As contradições do Bolsa-Família*

O bolsa família é de uma importância inconteste, já que por meio do programa milhões de pessoas tiveram a oportunidade de acessar à cuidados mínimos, como alimentação e saúde. Isso em si é o suficiente para justificar o investimento, independentemente de seu uso político.

Inclusive, muito já foi dito sobre os benefícios sociais do programa, que são óbvios e extensos. Mas pode-se somar à essa lista de benesses um outro aspecto do Bolsa Família que nada tem de marginal: seu efeito multiplicador de renda. Por meio do programa se distribui dinheiro para famílias em situação extrema de pobreza e risco. Aquele ínfimo valor é integralmente usado para compra de bens, de modo que o dinheiro retorna para o mercado na forma de consumo. Ao fazê-lo, esses recursos aumentam a demanda pelas mercadorias que fazem parte da cesta básica daquelas famílias, remunerando no processo os varejistas, os distribuidores e mesmo os industriais que produzem tais bens.

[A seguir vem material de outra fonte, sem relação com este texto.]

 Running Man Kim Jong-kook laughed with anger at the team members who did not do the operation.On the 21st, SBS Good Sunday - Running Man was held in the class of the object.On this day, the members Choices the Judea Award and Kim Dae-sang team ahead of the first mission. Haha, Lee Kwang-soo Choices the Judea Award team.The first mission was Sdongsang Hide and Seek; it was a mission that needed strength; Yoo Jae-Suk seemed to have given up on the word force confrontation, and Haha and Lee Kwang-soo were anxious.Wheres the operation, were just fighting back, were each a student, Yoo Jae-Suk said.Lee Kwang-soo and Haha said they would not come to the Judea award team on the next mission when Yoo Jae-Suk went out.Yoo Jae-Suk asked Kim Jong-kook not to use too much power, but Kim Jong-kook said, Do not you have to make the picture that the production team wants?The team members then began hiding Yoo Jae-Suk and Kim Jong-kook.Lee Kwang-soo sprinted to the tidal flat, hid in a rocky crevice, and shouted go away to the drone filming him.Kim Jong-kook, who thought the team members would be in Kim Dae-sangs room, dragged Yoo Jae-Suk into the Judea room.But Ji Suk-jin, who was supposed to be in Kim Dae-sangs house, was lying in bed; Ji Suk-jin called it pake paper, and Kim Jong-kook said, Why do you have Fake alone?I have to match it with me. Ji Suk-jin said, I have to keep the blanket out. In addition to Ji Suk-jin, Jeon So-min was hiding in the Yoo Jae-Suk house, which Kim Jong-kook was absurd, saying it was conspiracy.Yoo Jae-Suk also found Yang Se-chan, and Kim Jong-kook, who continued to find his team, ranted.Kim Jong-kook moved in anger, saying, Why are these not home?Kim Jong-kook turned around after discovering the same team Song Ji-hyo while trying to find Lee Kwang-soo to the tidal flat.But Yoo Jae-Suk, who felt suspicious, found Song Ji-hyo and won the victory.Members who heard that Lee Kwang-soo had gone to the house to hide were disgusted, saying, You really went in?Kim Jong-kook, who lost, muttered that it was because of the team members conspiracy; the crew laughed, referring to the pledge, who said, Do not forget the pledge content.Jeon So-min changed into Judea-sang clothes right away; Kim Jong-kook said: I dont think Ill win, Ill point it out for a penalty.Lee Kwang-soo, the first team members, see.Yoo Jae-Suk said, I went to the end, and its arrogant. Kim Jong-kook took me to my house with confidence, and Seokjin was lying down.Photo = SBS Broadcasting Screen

Além disso, como os produtos consumidos por essas famílias são de um valor agregado menor, sua maior parte é produzida local ou nacionalmente. Dessa forma, não apenas o Bolsa Família auxilia como reforço de renda para os que estão inseridos no programa, como serve para impulsionar a indústria e o varejo dentro do Brasil, criando empregos em cadeias produtivas cujos encadeamentos são quase inteiramente nacionais, gerando renda no entorno. Em outras palavras, muitos dos emprego, assim como muita lucratividade empresarial nos últimos 12 anos, estiveram associados ao bolsa família.

Isso significa dizer que muita gente de classe média e alta que hoje critica o Bolsa Família deve (grande) parte de sua renda ao programa.

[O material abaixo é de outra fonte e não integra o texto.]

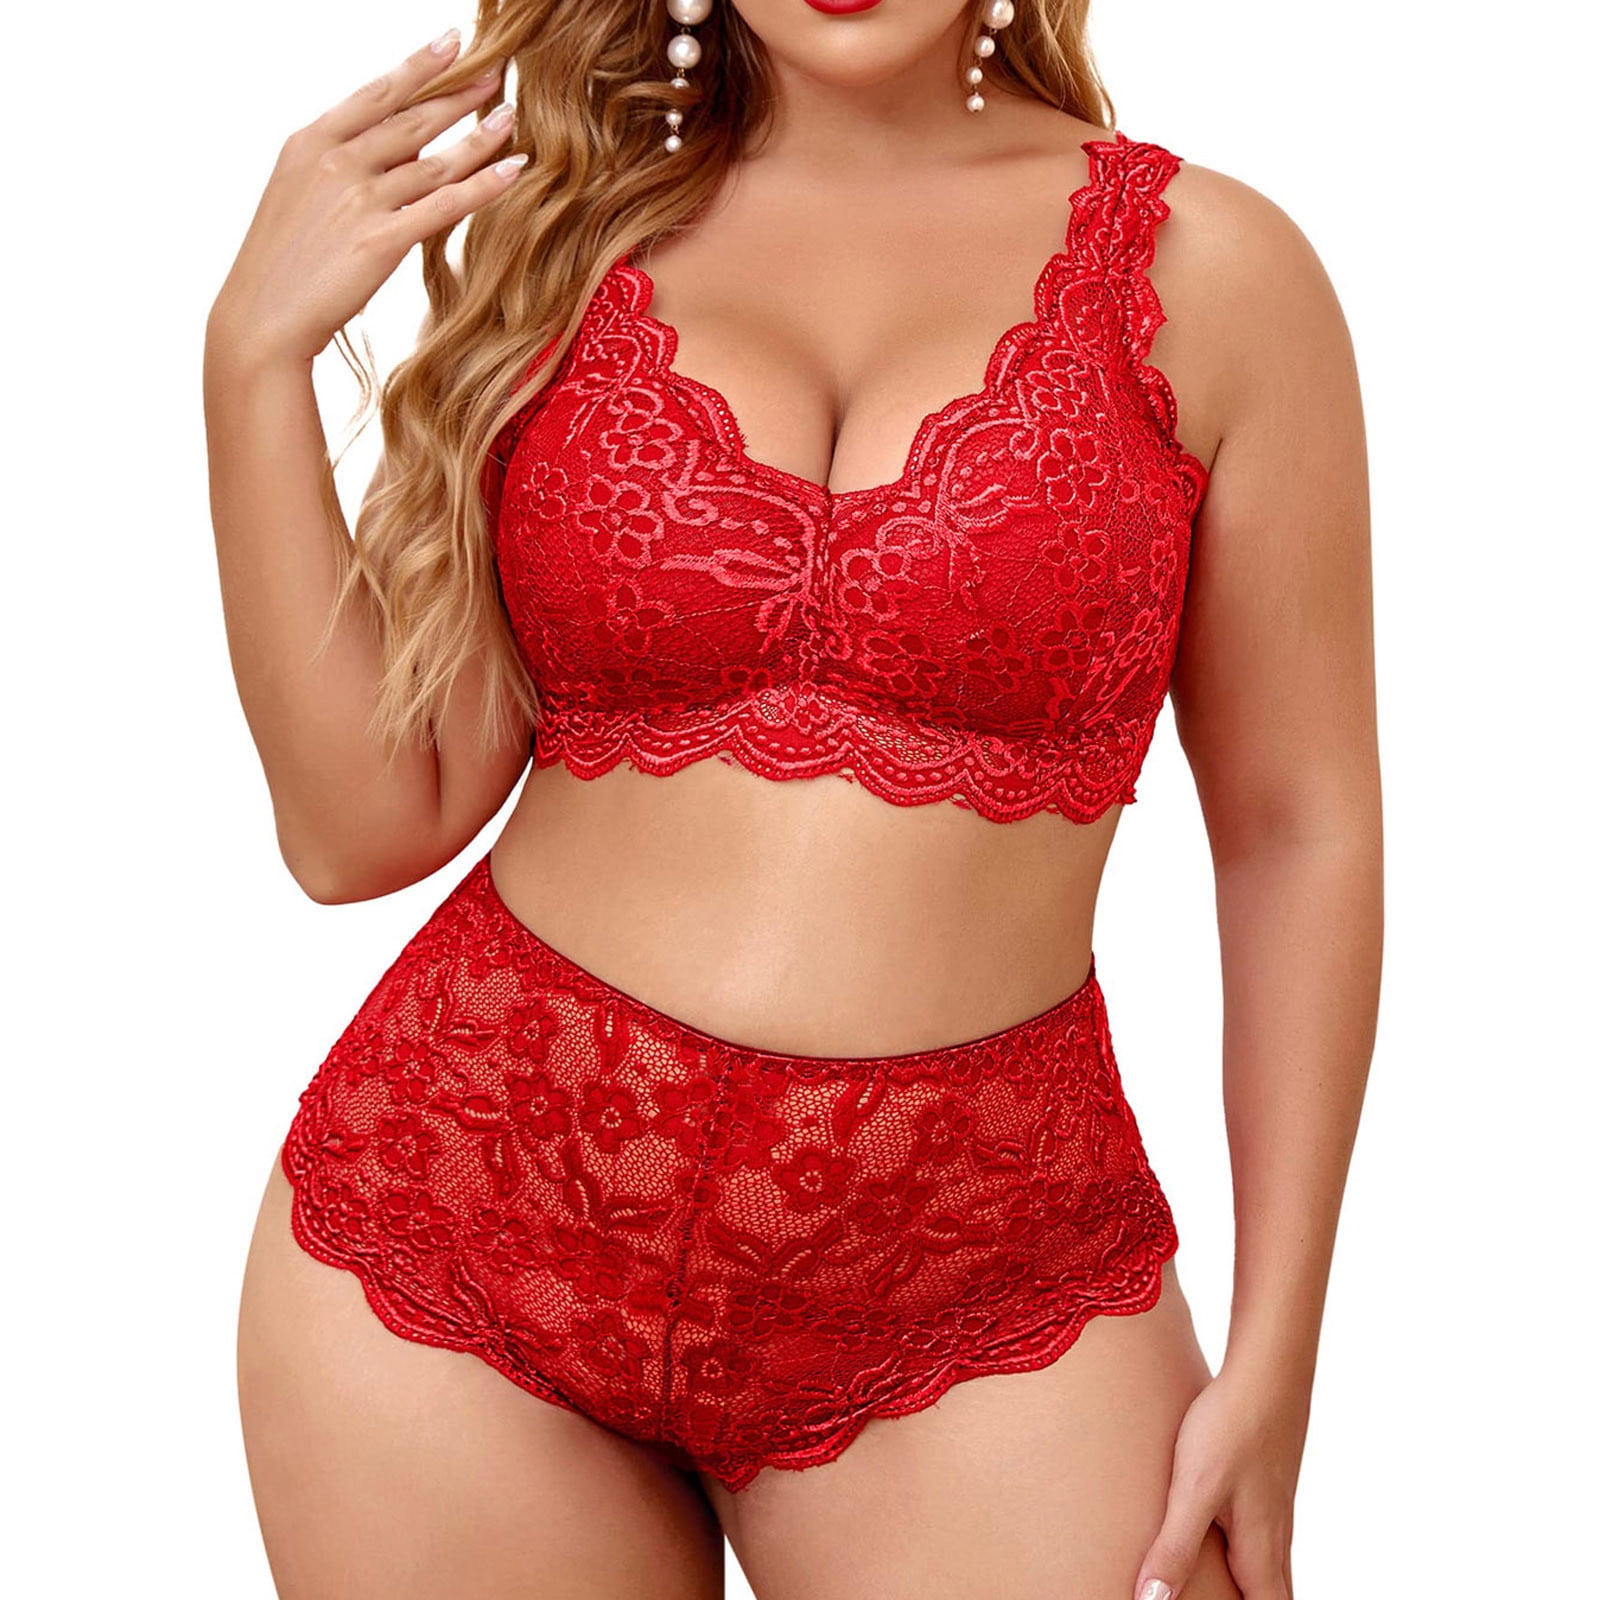 Vedolay Matching Bra And Panty Sets Plus Size 2 Piece Lingerie for Women  Strappy Bra and Panty Underwear Sets Lace Underwear Set for Women(Red,3XL)

Porém, é preciso destacar algumas críticas para além dos argumentos simplistas que ressaltam o pretenso malefício de se instituir um sistema de assistencialismo e o (legítimo) uso político do programa. A primeira, e mais séria, está no fato de que o Bolsa Família é um programa assistencial que se pauta pela não constituição de direito. Ou seja, ele não decorre de uma lei perene que garanta a estabilidade da assistência, mas sim advém da boa vontade do governante de situação. Ao não gerar direito, o governante pode imprimir cortes por contingenciamento, expandir ou mesmo o eliminar de maneira discricionária, mantendo as famílias assistidas em constante estado de incerteza.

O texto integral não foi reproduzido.